C.a. Lors de l'audience de jugement du 29 août 2022, X______ a persisté à contester les faits reprochés. Les images tirées des caméras de surveillance ne faisaient que refléter ce qui était son comportement habituel au travail, dès lors qu'il lui était demandé tous les jours de sortir des colis du tapis. Il ne pouvait fournir d'explications sur les éventuelles motivations de D______ qui continuait de l'accuser de manière constante.

Confronté aux échanges téléphoniques qu'il avait entretenus avec D______ les 4 avril et 1er mai 2019, y compris plusieurs appels le soir, il a indiqué qu'il avait l'habitude d'avoir des contacts téléphoniques avec lui dans l'hypothèse d'un problème d'adressage et que le 1er mai 2019, il avait "laissé un colis".

Confronté à ses explications s'agissant de la réinitialisation de son téléphone et le fait qu'il aurait pu se limiter à effacer les photos gênantes, il s'est contenté d'affirmer que "les photos restaient". Il a ajouté que ces photos gênantes avaient été prises durant des vacances passées en compagnie de sa copine.

b. B______, représentée par A______, a confirmé sa plainte pénale. A______ a précisé n'avoir jamais vu X______ adopter un comportement contraire à ce qui lui était demandé dans le cadre de son travail. La plainte n'avait été déposée qu'après le constat des actes commis par D______.

D. X______ est né le ______1990 à ______, en France, pays dont il est originaire. Il est séparé et n'a pas d'enfant. Selon ses dires, il travaille en qualité de chauffeur-livreur et perçoit un salaire mensuel net de CHF 4'063.-, impôts déduits.

X______ n'a pas d'antécédent judiciaire en Suisse. A teneur de son casier judiciaire français, il a été condamné à 5 reprises entre 2009 et 2014, essentiellement pour des infractions en matière de circulation routière, mais également en mai 2009 à 6 mois d'emprisonnement avec sursis pour vol avec violence.

 

EN DROIT

Culpabilité

1.1.1. Le principe in dubio pro reo, qui découle de la présomption d'innocence garantie par l'art. 6 § 2 CEDH et, sur le plan interne, par l'art. 32 al. 1 Cst. et l'art. 10 CPP, concerne tant le fardeau de la preuve que l'appréciation des preuves. En tant que règle sur le fardeau de la preuve, ce principe signifie qu'il incombe à l'accusation d'établir la culpabilité de l'accusé, et non à ce dernier de démontrer son innocence. Il est violé lorsque le juge rend un verdict de culpabilité au seul motif que l'accusé n'a pas prouvé son innocence (ATF 127 I 38 consid. 2a, in JdT 2004 IV 65; 120 Ia 31 consid. 2c et 2d, in JdT 1996 IV 79).

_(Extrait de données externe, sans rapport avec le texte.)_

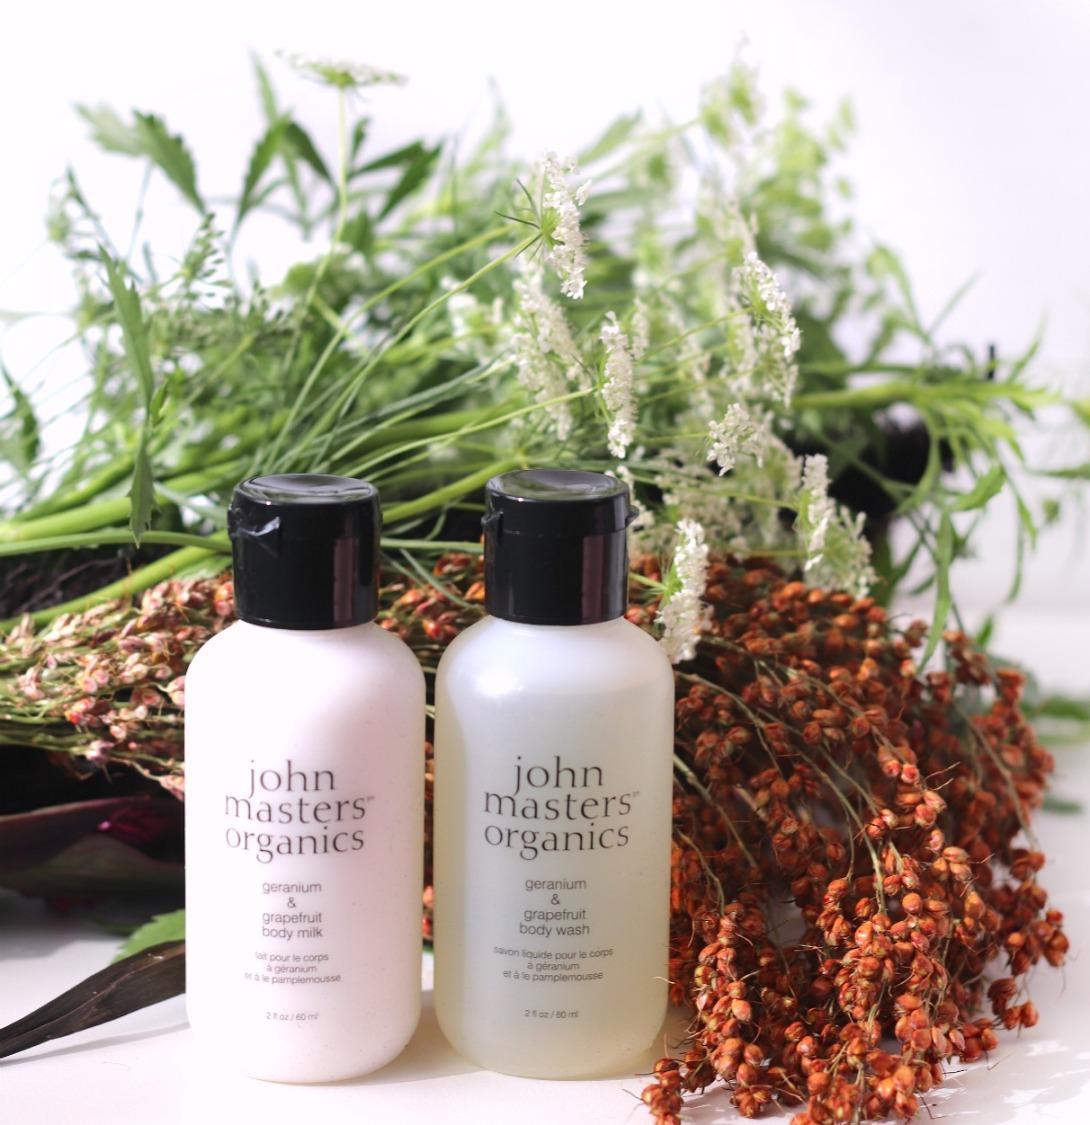 Glossybox October 2019 John Masters Organics body milk and body wash ayob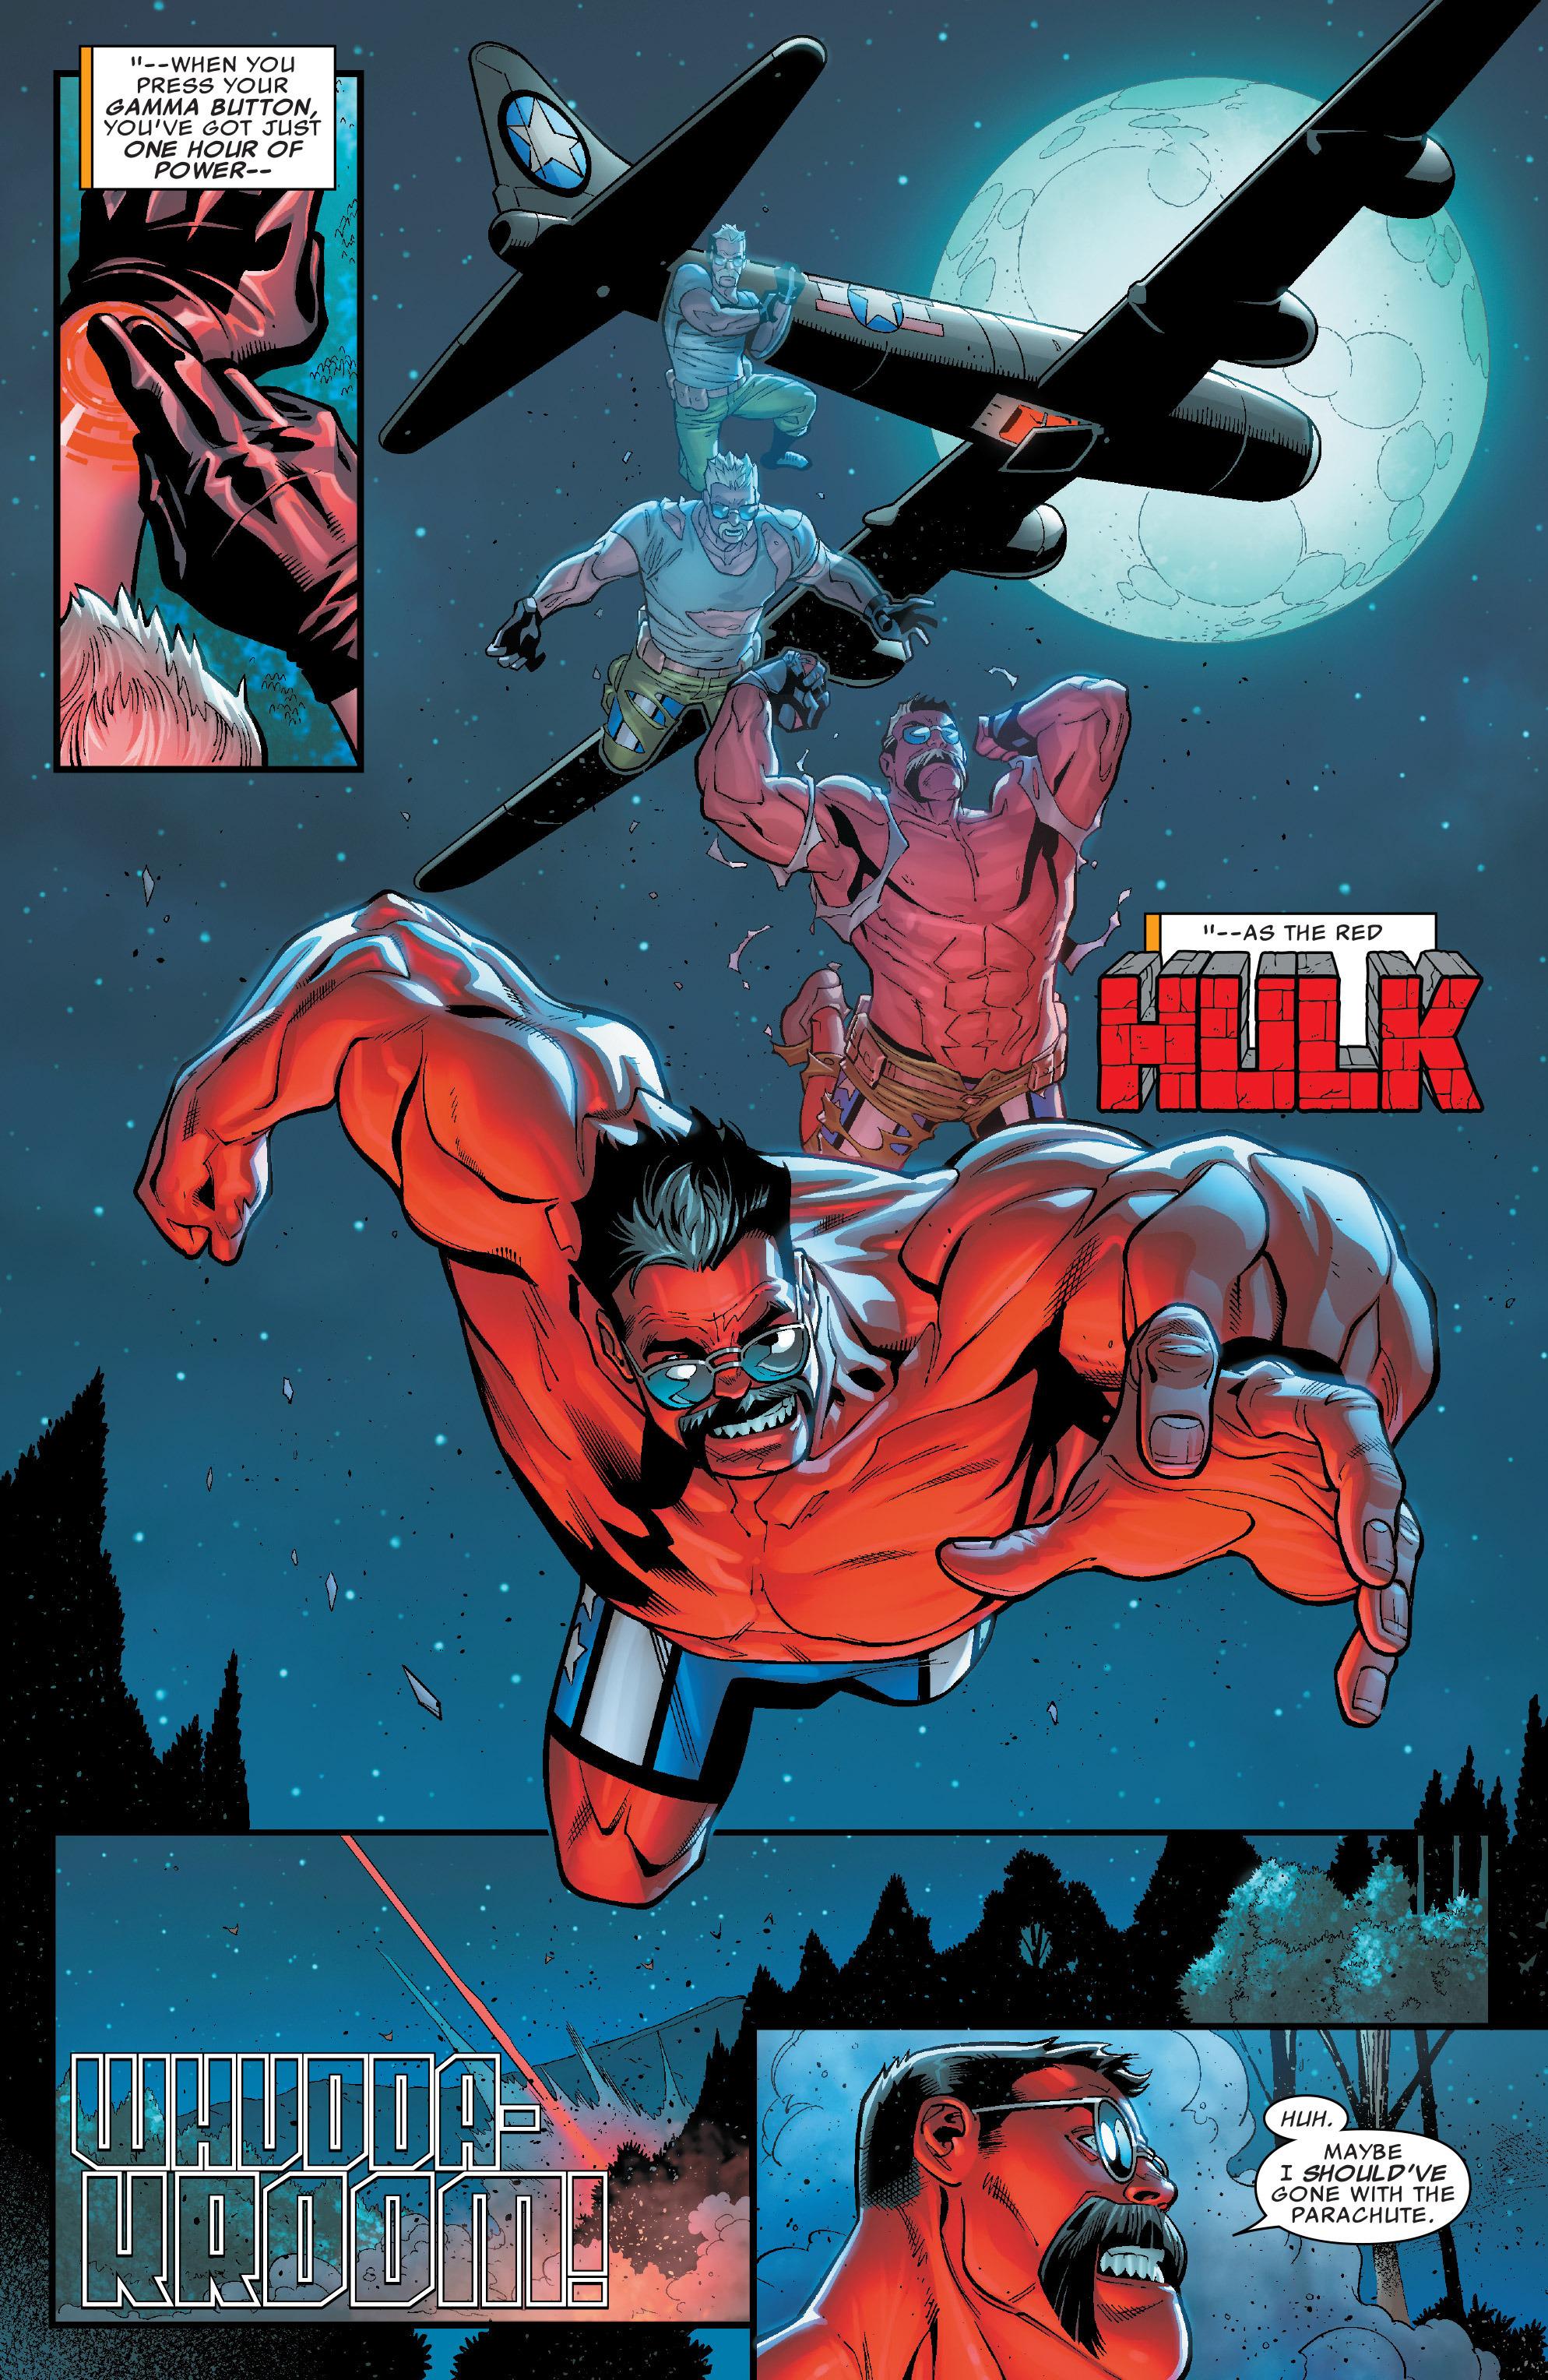 Read online U.S.Avengers comic -  Issue #4 - 6

Comme règle de l'appréciation des preuves, le principe in dubio pro reo signifie que le juge ne peut se déclarer convaincu d'un état de fait défavorable à l'accusé, lorsqu'une appréciation objective de l'ensemble des éléments de preuve laisse subsister un doute sérieux et insurmontable quant à l'existence de cet état de fait (ATF 127 I 38 consid. 2a, in JdT 2004 IV 65; 124 IV 86 consid. 2a, in JdT 1999 IV 136; 120 Ia 31 consid. 2c, in JdT 1996 IV 79). Le juge peut forger sa conviction quant aux faits sur la base d'un ensemble d'éléments ou d'indices convergents. Un jugement de culpabilité peut reposer, à défaut de témoignages oculaires ou de preuves matérielles irréfutables, sur des indices propres à fonder la conviction du Tribunal (ATF 144 II 246 consid. 6.4.3; arrêt du Tribunal fédéral 1P_221/1996 du 17 juillet 1996 consid. 2).

1.1.2. Selon l'art. 139 ch. 1 CP, celui qui, pour se procurer ou procurer à un tiers un enrichissement illégitime, aura soustrait une chose mobilière appartenant à autrui dans le but de se l'approprier, sera puni d'une peine privative de liberté de cinq ans au plus ou d'une peine pécuniaire.

Le vol est consommé dès que la soustraction est parfaite, soit dès qu'une nouvelle possession est créée, et l'infraction est achevée avec l'appropriation effective de la chose mobilière soustraite et avec la réalisation de l'enrichissement recherché par l'auteur ou par un tiers (Petit commentaire du Code pénal, Helbing & Lichtenhahn, 2ème édition, 2017, N. 16 et 17 ad art. 139 CP). La soustraction se définit comme la rupture de la possession d'autrui, contraire à la volonté de l'ayant droit, aboutissant à la création d'une nouvelle possession, en général en faveur de l'auteur lui-même (ATF 132 IV 108 consid. 2.1 ; 112 IV 9 consid. 2a, in JdT 1987 IV 5).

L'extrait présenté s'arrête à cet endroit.